The whole point of this series should've been revealing the secrets that weren't sufficiently Earth-shattering to merit inclusion in the main title. Dum Dum is pretty C-List, so it makes sense that his story would be told here. Moreover, Ewing tells a damn good story full of excellent characterization. Dum Dum realizes that Nick only kept him alive so that he'd have someone to know all the tough-guy decisions that he's made over the years. The fact that Fury programmed Dum Dum to be unable to kill him really underlines the point that Nick constrained Dum Dum's existence to the parameters that he saw fit. In other words, Dum Dum wasn't meant to be his own man; he was meant to be the man that Fury needed him to be. If he trusted him as he'd trust a regular human, he wouldn't have installed back-up programming.
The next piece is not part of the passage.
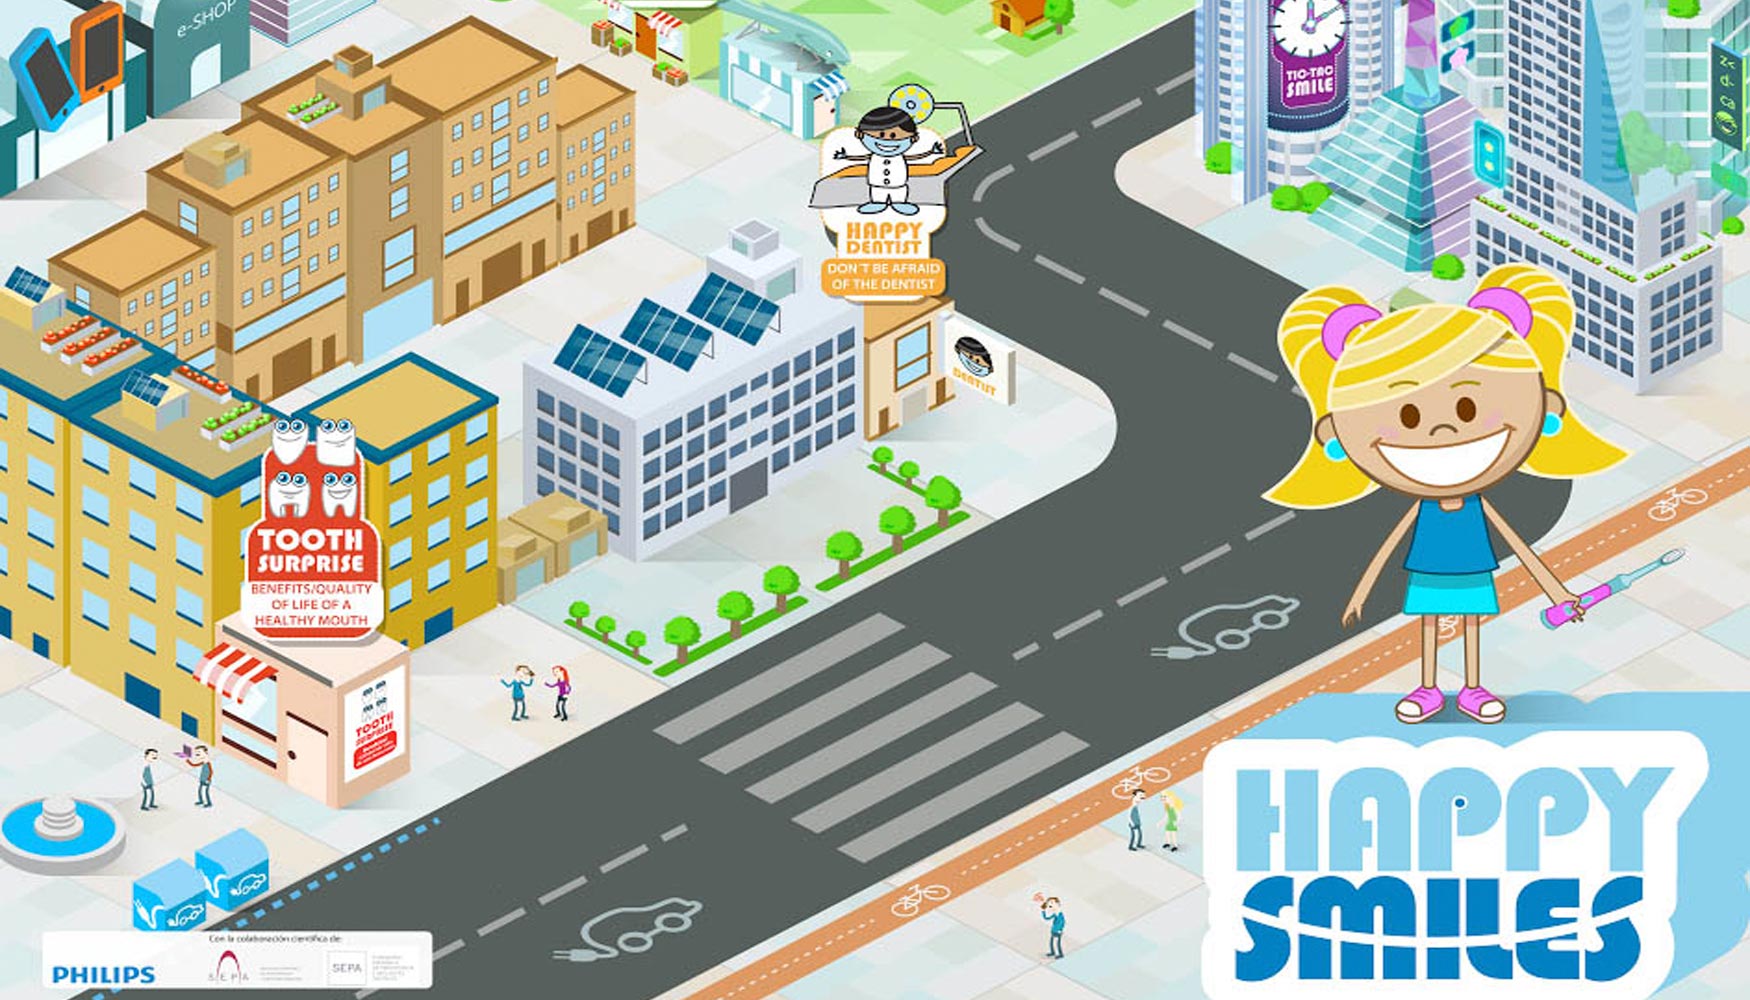 El juego recrea una smart city con distintas etapas del Happy Smiles Pathway

Moreover, it's clear that Nick allowed Dum Dum to "live" because he knew that he could kill him if having a guy who knew his secrets became inconvenient; after all, Dum Dum wasn't real, in Nick's book. It's a disturbing look into Nick's mind, and it supports the idea from the main series that he's too far gone to be saved at this point. Again, a solid story that reveals secrets and supports the event's narrative is what we should've -- but didn't -- see in this book.
The back-up story? About the Young Avengers? Let's just say that I'm going to run the other way if I see anything with Ryan North's name on anything again.